Increasing Sawn Timber Yield in Cant Sawing

The log cutting theory accepts that the volumetric yield of edged sawn timber from the maximum volume cant will be maximal. According to current standards, edged sawn timber must have specified thickness and width. Some cants are not used for the production of centre yield because the widths of their faces are aliquant of the centre yield thickness. The volume of such cant in centre yield production is not taken into account in the log cutting theory and the conclusion that their volumetric yield from the maximum volume cant will be maximal is not obvious. The 1st stage of cant sawing is obtaining a two-edged cant from a log. At that, due to the deviation of the roundwood axis from the centre line of the sawing pattern, a narrow and a wide face are obtained. We consider the dimensioning of the narrow face of a two-edged cant, as its size determines the volumetric yield of centre yield.
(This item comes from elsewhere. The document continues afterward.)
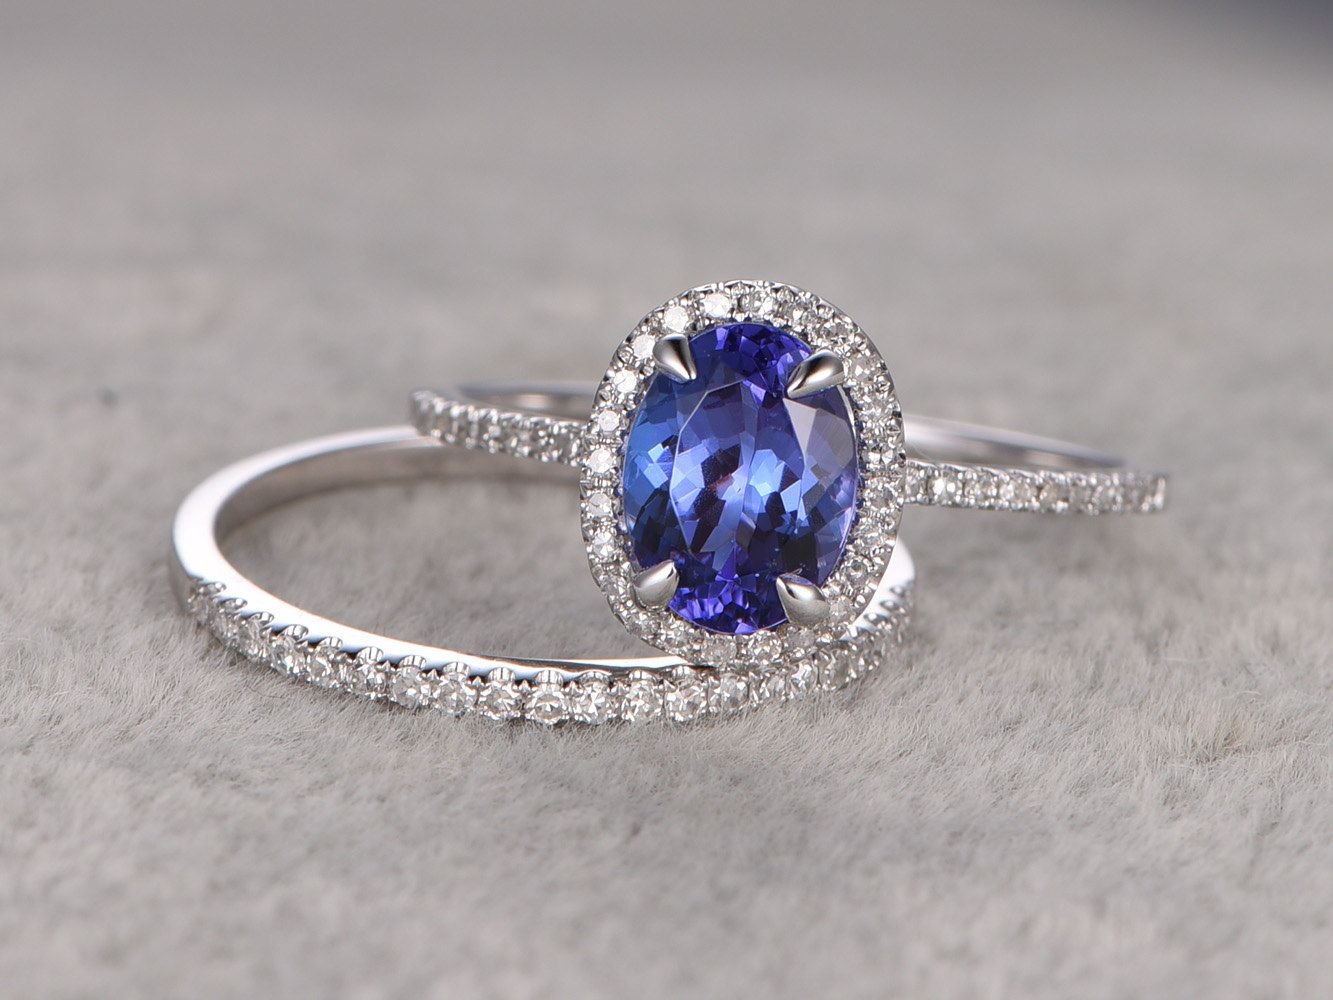 tanzanite jewelry tanzanite wedding rings 1 28ctw Oval Tanzanite Engagement ring VS Diamond Promise Ring 14K White Gold

Within the narrow face of a two-edged cant 2 zones are allocated: unconditional and probabilistic. In the unconditional zone, an integer number of edged boards is obtained. In the range of roundwood diameters from 17 to 29 cm, only the roundwood with the diameters of 21 and 25 cm have provided the maximum volume two-edged cants, but the volumetric yield of the centre yield from the roundwood of these diameters has not been maximal. It follows from this that the maximum volume cant does not guarantee the maximal volumetric centre yield. The probability zone includes a non-integer number of edged boards. It is impossible to determine their number in an analytical way, so the methods of probability theory have been used. The distribution function of the narrow face of a two-edged cant has been derived. In order to use the distribution function to obtain a non-integer number of edged boards, the width of the probability zone has been calculated, as well as the size of the part of the probability zone decisive in obtaining a non-integer number of edged boards and the confidence interval. Further, the “Distribution function of the width of the narrow face of a two-edged cant” table was used to determine the non-integer number of edged boards. Obtaining the noninteger number of the edged boards from a two-edged cant can be implemented in practice using changeable or adjacent sawing patterns. The presented results can be applied when determining the number of sorting groups of roundwood before its feeding to the sawmill and when changing the technology of centre yield production.